When will I be seated if I’m late?
As a courtesy to performers and audience members, if you arrive after the Concertmaster has entered the stage, you won’t be seated until an appropriate interval in the show. Our helpful ushers will guide you! But please try to arrive on time. Thanks!

Can I take pictures of the performers?
Use of cameras, or any kind of audio or video recording equipment, is not permitted in the concert hall unless authorized by Cape Symphony management in advance and in writing. It should go without saying that the use of flash is always prohibited. And if you don't want to annoy everyone in the place, please, please turn off all electronic signals on watches, cell phones, pagers and other equipment before the show starts! We do encourage you to take pictures in the lobby - of yourself and your companions as well as with guest artists and musicians - and post them to social media with the hashtag #capesymphony.

Is it okay to talk during the performance?
There's no way to sugarcoat this: Talking during the performance is rude. Please respect the musicians, the conductor, and the people sitting near you by not talking while the orchestra plays. If someone near you is talking, feel free to speak to an usher and ask them to address the situation.

When do I applaud?
This is more controversial than you might think! Just Google "clapping during classical concert." Apparently, composers like Mozart expected and hoped for applause after each movement (section) of a piece. This tradition changed with certain 19th century composers like Schumann and Mendelssohn, who wrote music in such a way as to leave no pauses for the audience to sneak in a clap or two. In the 1930s, conductor Leopold Stokowski suggested that it would be more appropriate if audiences didn't applaud at all. He hoped people would sit in awe, rather than express their emotions by clapping.

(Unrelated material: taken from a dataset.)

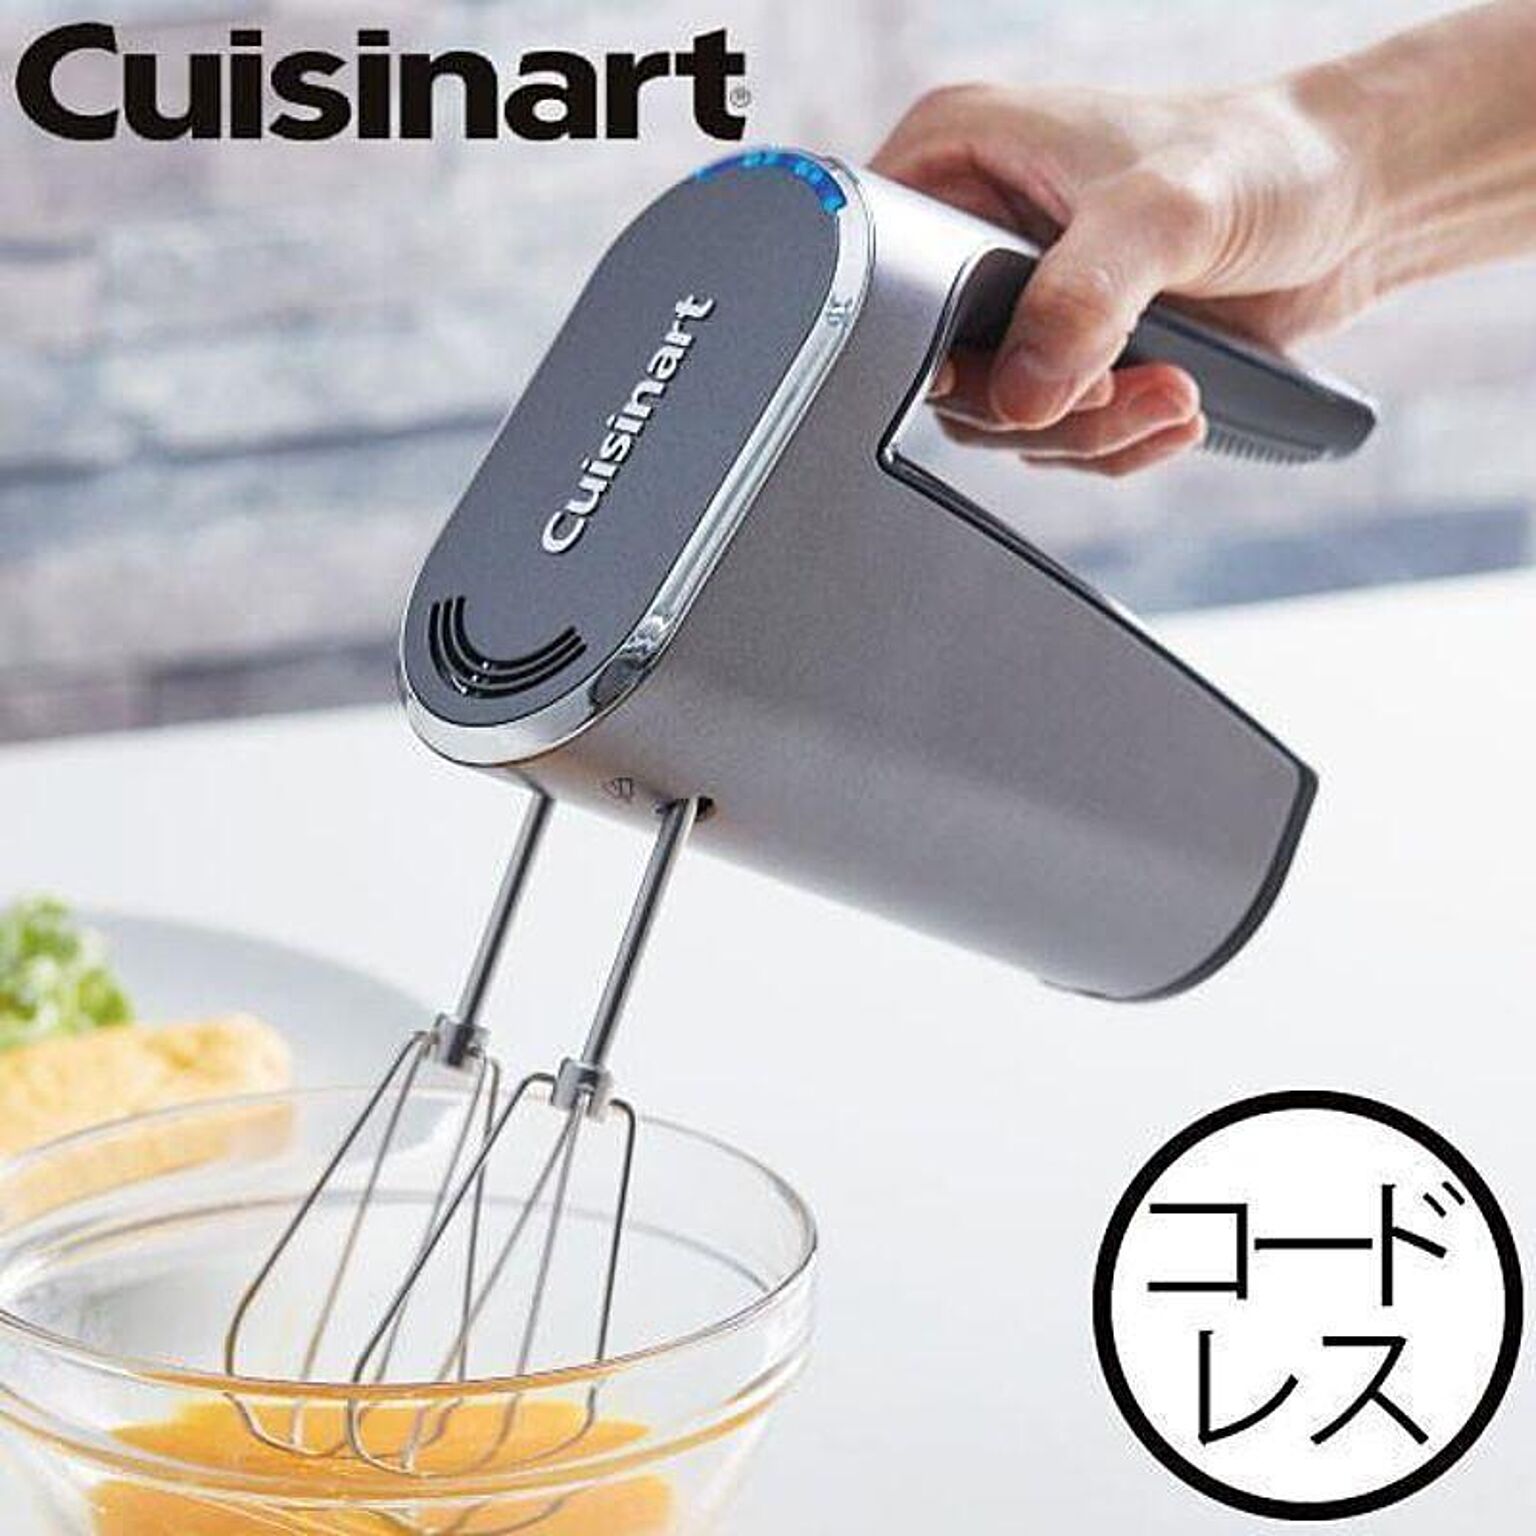 Cuisinart クイジナート コードレス充電式ハンドミキサー

Cape Symphony is different: We want you to clap when you feel like clapping! If you are moved by the music, by a soloist, or by anything else to put your hands together, then do it. Enjoy the experience and applaud when you want to.

In general, just before the concert begins, the orchestra members will all be seated on the stage, except for the Concertmaster. That's the violinist who sits in the first chair of the first row of the Orchestra. Applaud to greet the Concertmaster when he or she comes onstage to tune up the orchestra, and again a few moments later when the Conductor comes onstage. Soloists who will be performing may or may not come onstage with the Conductor; when they do, you applaud to greet the soloist as well. These are not rules, just suggestions. We appreciate your applause!